Purpose: The purpose of this quality improvement (QI) project is to utilize the institution’s critical event debrief tool to implement a practice change to improve teamwork and patient safety.

Methods: Project procedures that took place in the week preceding implementation included education for twenty-six charge nurses on the correct utilization of the institution’s validated critical event debrief tool, adopted from the Immediate, Not for personal assessment, Fast facilitated feedback, Opportunity to ask questions (INFO) tool. During implementation, charge nurses serve as facilitators and conduct post critical event debriefs with multidisciplinary team members using the debrief tool after qualifying events. Qualifying criteria for a debrief put in place by the institution includes cardiac arrest, difficult airway response, extracorporeal membrane oxygenation (ECMO) team activation, emergent intubation, self extubation, massive transfusion event activation, chemical code, and patient falls. Weekly, completion of the debrief tool is audited by the QI team lead using the audit tool, beginning after week one of education throughout the 15-week period. Additionally, the stakeholder team analyzes debrief feedback for QI themes for teamwork and safety through the weekly audits of the tool.

Preliminary Results and Conclusions: In the thirty days prior to implementation, there were fifty-eight eligible events, twenty of which were rapid response utilizations or cardiac arrests. Of these events, zero debriefs were documented. Currently, the project is three days into implementation. There have been no eligible events for debrief thus far.

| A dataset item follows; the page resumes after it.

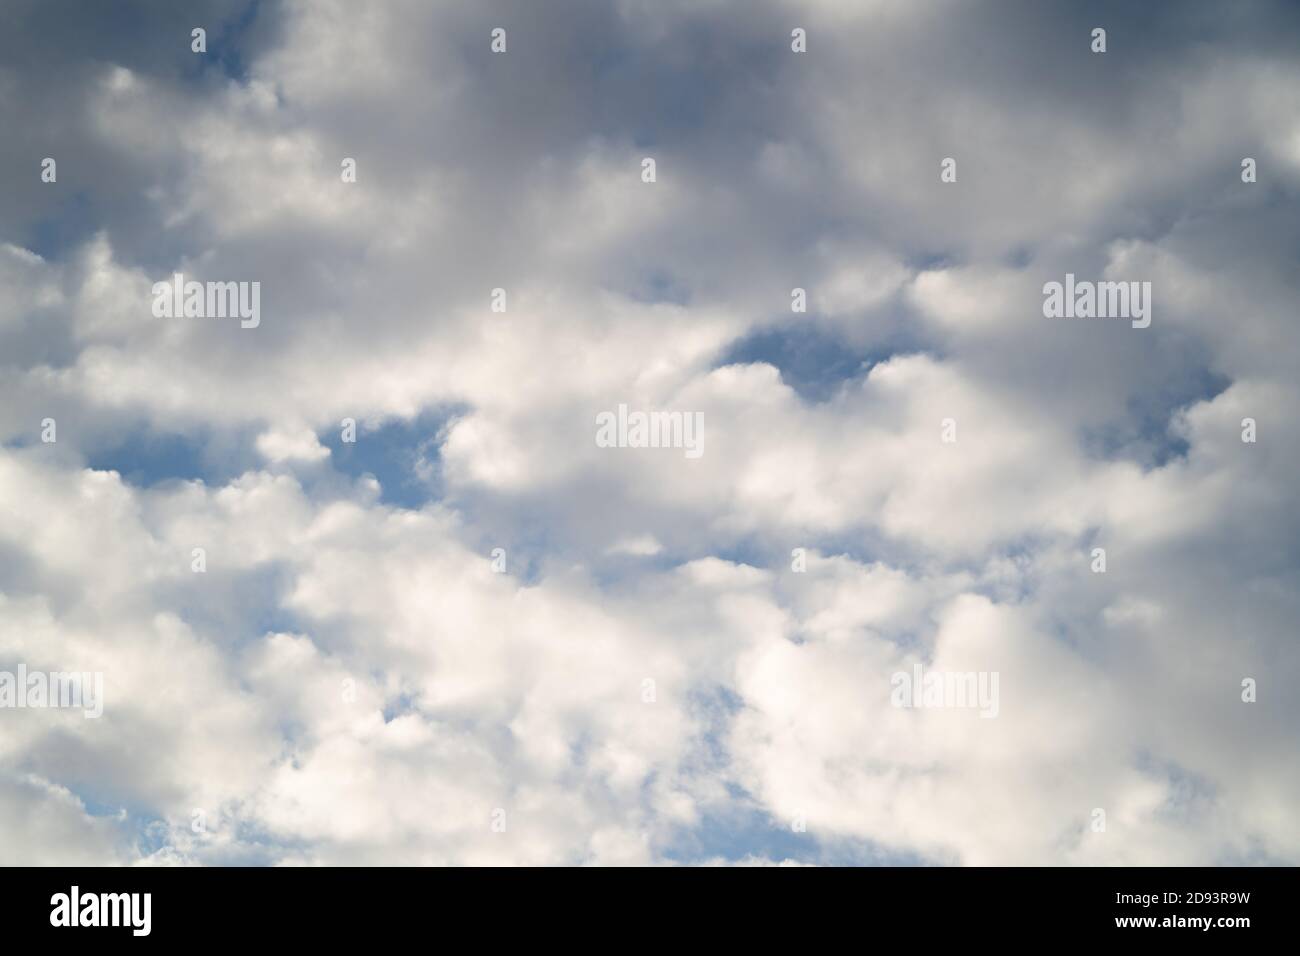 Hochauflösendes Sky-Hintergrundbild für den Einsatz als Sky Replacement. Querformat. Weiße Stratocumulus Wolken auf einem blauen Himmel Stockfoto

However, ninety two percent of the charge nurses were educated on the facilitation of debriefs. Structural goals were one hundred percent met in placement of quick response (QR) codes at all nurses’ stations and huddle rooms on the unit. Baseline data and goals projected for the implementation thus far suggest that there is a large opportunity for improvement in adherence to debriefing critical events. Based on the existing evidence, there is a predicted positive association between this implementation and an increase in teamwork and patient safety. The study is ongoing and will be completed December 2023.